The First, Fourth, and Fifth Amendments apply to the States. Though these
Amendments do not mention the right of privacy, privacy is fundamental to
the exercise of the rights that are explicitly mentioned. As such, privacy is
protected by the penumbras of the First, Fourth, and Fifth Amendments:
The First Amendment says "Congress shall make no law respecting an
establishment of religion, or prohibiting the free exercise thereof; or
abridging the freedom of speech, or of the press; or the right of the people
peaceably to assemble, and to petition the Government for a redress of
grievances."
The Fourth Amendment says "The right of the people to be secure in their
persons, houses, papers, and effects, against unreasonable searches and
seizures, shall not be violated…."
The Fifth Amendment says "No person shall…be compelled in any criminal
case to be a witness against himself…."
The Ninth Amendment says "The enumeration in the Constitution of certain
rights, shall not be construed to deny or disparage others retained by the
people." The Framers did not want the Bill of Rights to be an all-inclusive
list of the rights that people in the United States have. The Ninth
Amendment says that people retain other rights that are not explicitly listed
in the Constitution. Among these rights may be the right to privacy, which
would include freedom of choice in the basic decisions of one’s life.

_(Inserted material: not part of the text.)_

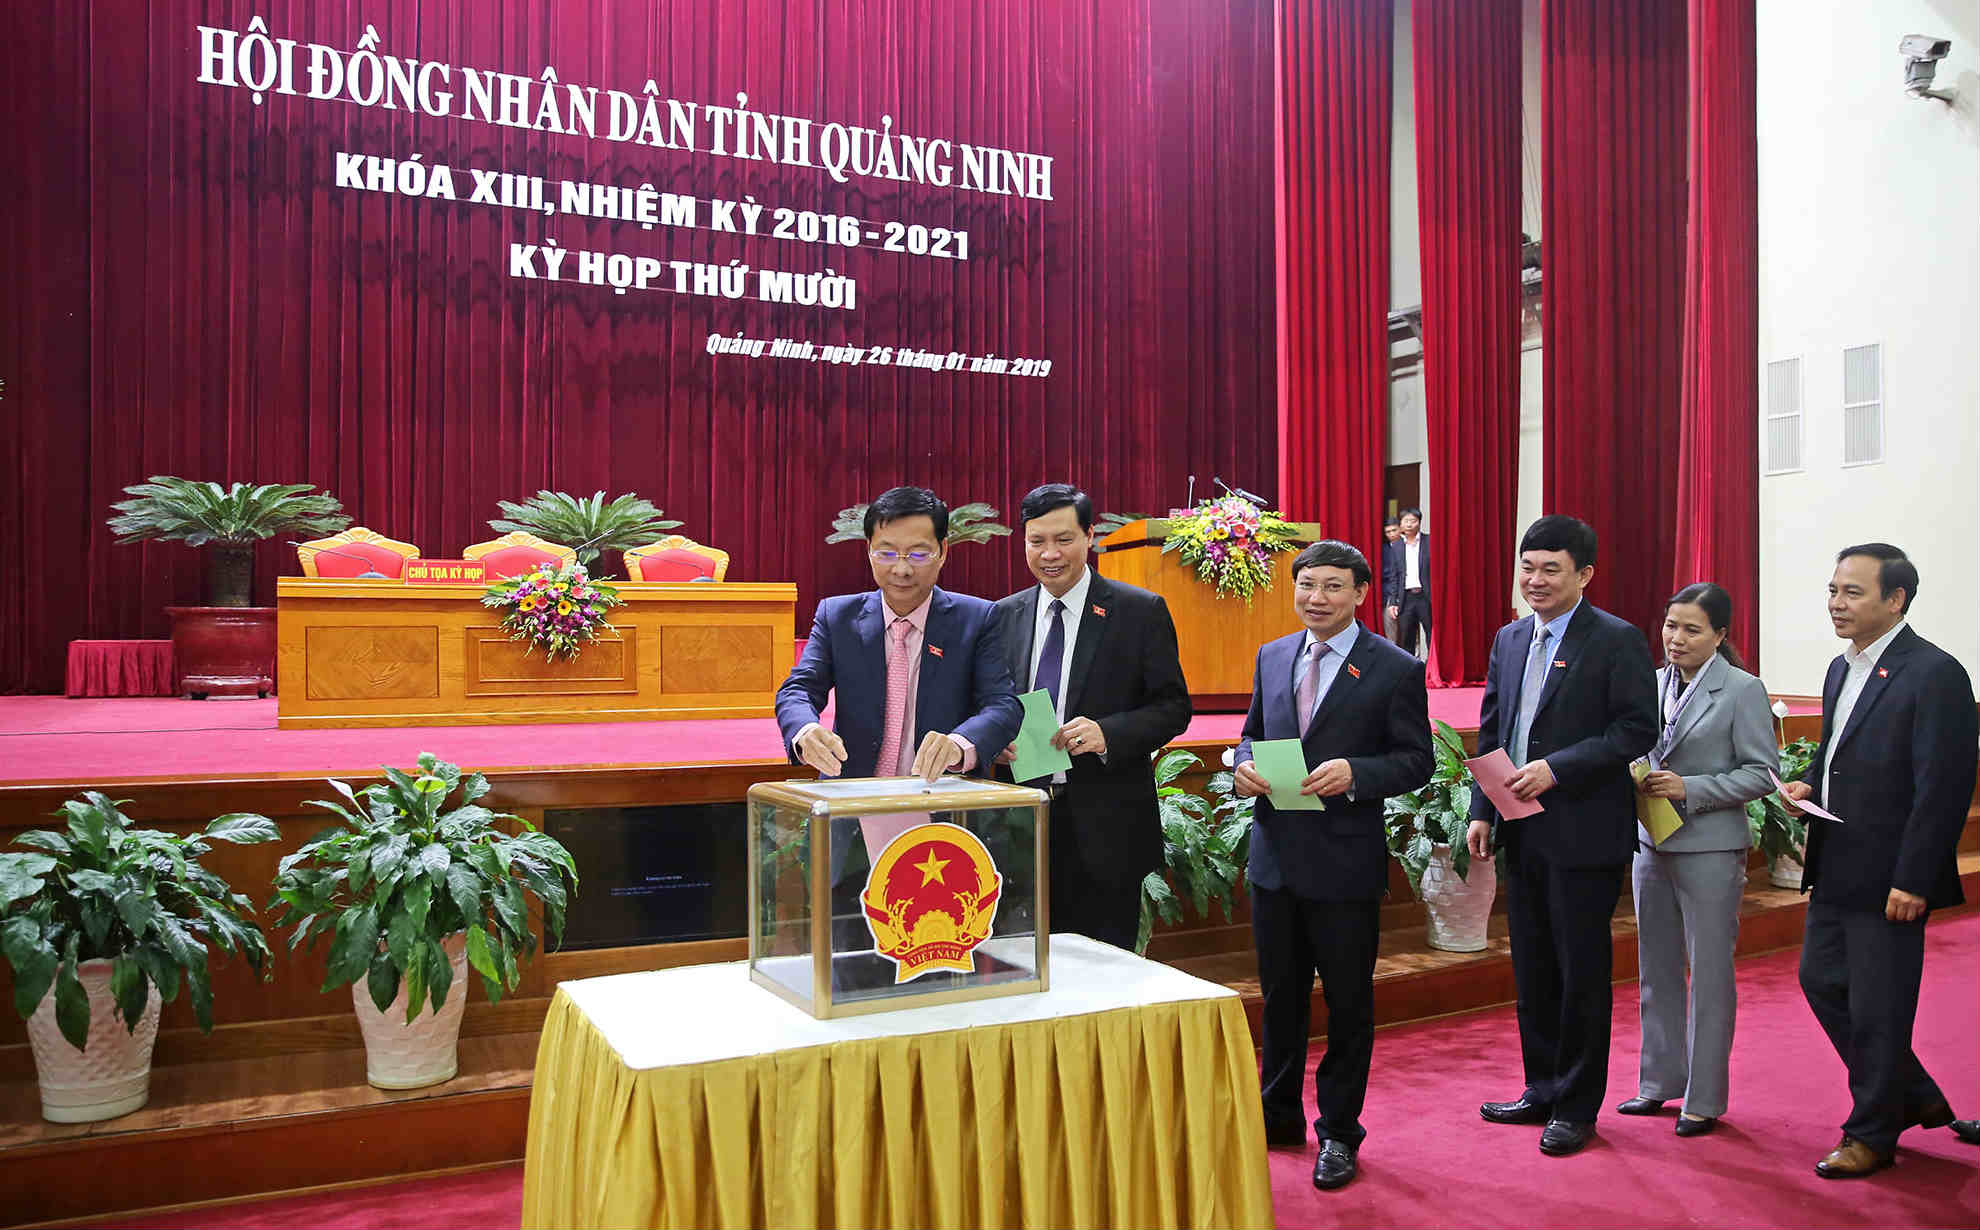 Các đại biểu HĐND tỉnh Quảng Ninh bỏ phiếu bầu bổ sung các chức vụ chủ chốt của HĐND, UBND tỉnh. Ảnh: Hùng Sơn

It has long been an acknowledged role of the state to safeguard health and
regulate medical practices.

The U.S. Constitution does not explicitly mention any right of privacy.
For the U.S. Supreme Court to determine when, where, and how an abortion
should occur would be to overstep its authority as a court. It is the job of
state legislatures to determine how abortions should be regulated, not federal
courts.

The use of the word “person” in the U.S. Constitution as it was drafted does
not include a foetus. Thus, the Fourteenth Amendment cannot be construed
to protect the unborn.

As a pregnancy progresses, the interest of the state in protecting the health of


the mother and the life of the foetus becomes more “compelling.”